It also wants information on transgender persons to be included in the curriculum, have separate toilets in schools, and sensitise teachers.
New Delhi: In order to increase the social inclusion of transgender persons, the government is planning to start right at the school level. The ministry of human resource development is set to ask schools across the country to create a national database of transgender children, and make sure they are not discriminated against.
It wants information on transgender persons to be included in the curriculum, have separate toilets for trans children in schools, involve NGOs and parents to evolve a plan of inclusion, and sensitise teachers for the purpose.
This is part of government’s integrated school education scheme, Samagra Shiksha Abhiyan, which has been formed by merging three schemes – Sarva Shiksha Abhiyan, Rashtriya Madhyamik Shiksha Abhiyan, and Teacher Education.
The need for a plan
“There is an urgent need to address the education of transgender children, as they face stigma and discrimination.
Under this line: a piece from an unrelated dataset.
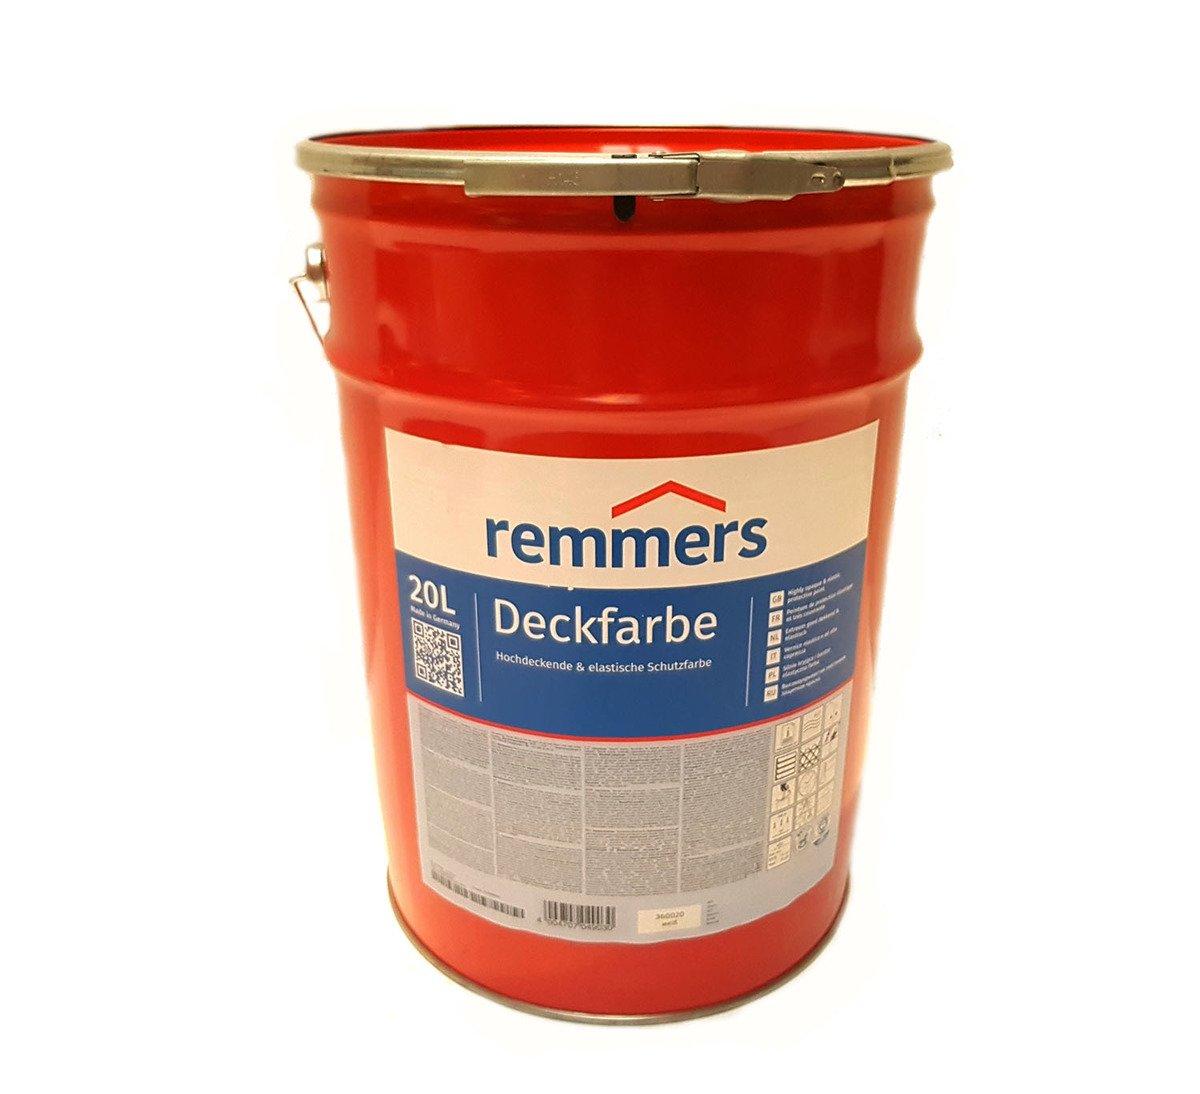 remmers aidol deckfarbe 20 l wetterschutzfarbe wei baustoffe remmers lacke lasuren f r. Black Bedroom Furniture Sets. Home Design Ideas

They face conflicting pressures to conform to gender normative behavior, and the expectations of the society which they are unable to do so,” the policy document, accessed by ThePrint, reads.
There is no data available on transgender children at the national level so far. Official government data under the comprehensive schools database UDISE has only ‘male’ and ‘female’ categorisation for students.
“There is a need to create and develop a reliable national database on transgender children,” the policy document adds.
What the govt proposes to do
As a part of this inclusion plan, the government wants schools to create a safe, supportive environment, which does not violate the constitutional rights of trans children. The ministry wants schools to develop a plan with transgender students and their parents regarding the use of their names, access to rest rooms, and other spaces corresponding to their gender identity.
“The curriculum and textbooks must address transgender issues and concerns as well,” the policy document says, adding that “teachers need to be sensitised about their issues through continuous teacher training programmes”.
It has also been suggested that schools work actively with civil society groups that have substantial experience of working with trans children.
“A process for empanelling such groups for resource support would be a good starting point. However, more active engagement of the education department as well as National Council for Protection of Child Rights will be necessary to ensure that these children do not remain excluded,” the policy document says.
Activists working for transgender persons’ rights, however, are not entirely convinced.
Anjali Gopalan of Naz foundation said: “It is going to be very difficult for schools to get a database of trans children. Most of the children’s parents do not even want them to reveal their identity, unless the child is seemingly trans. It is a difficult task.
“It will just be one of those policies in the air, unless the government implements it sensitively. Trans children are violated most of the times, and if there are separate toilets for them in schools, there is a possibility that they will be discriminated against even more.”
India recognised ‘the third gender’ or transgender only in 2014, after a Supreme Court ruling.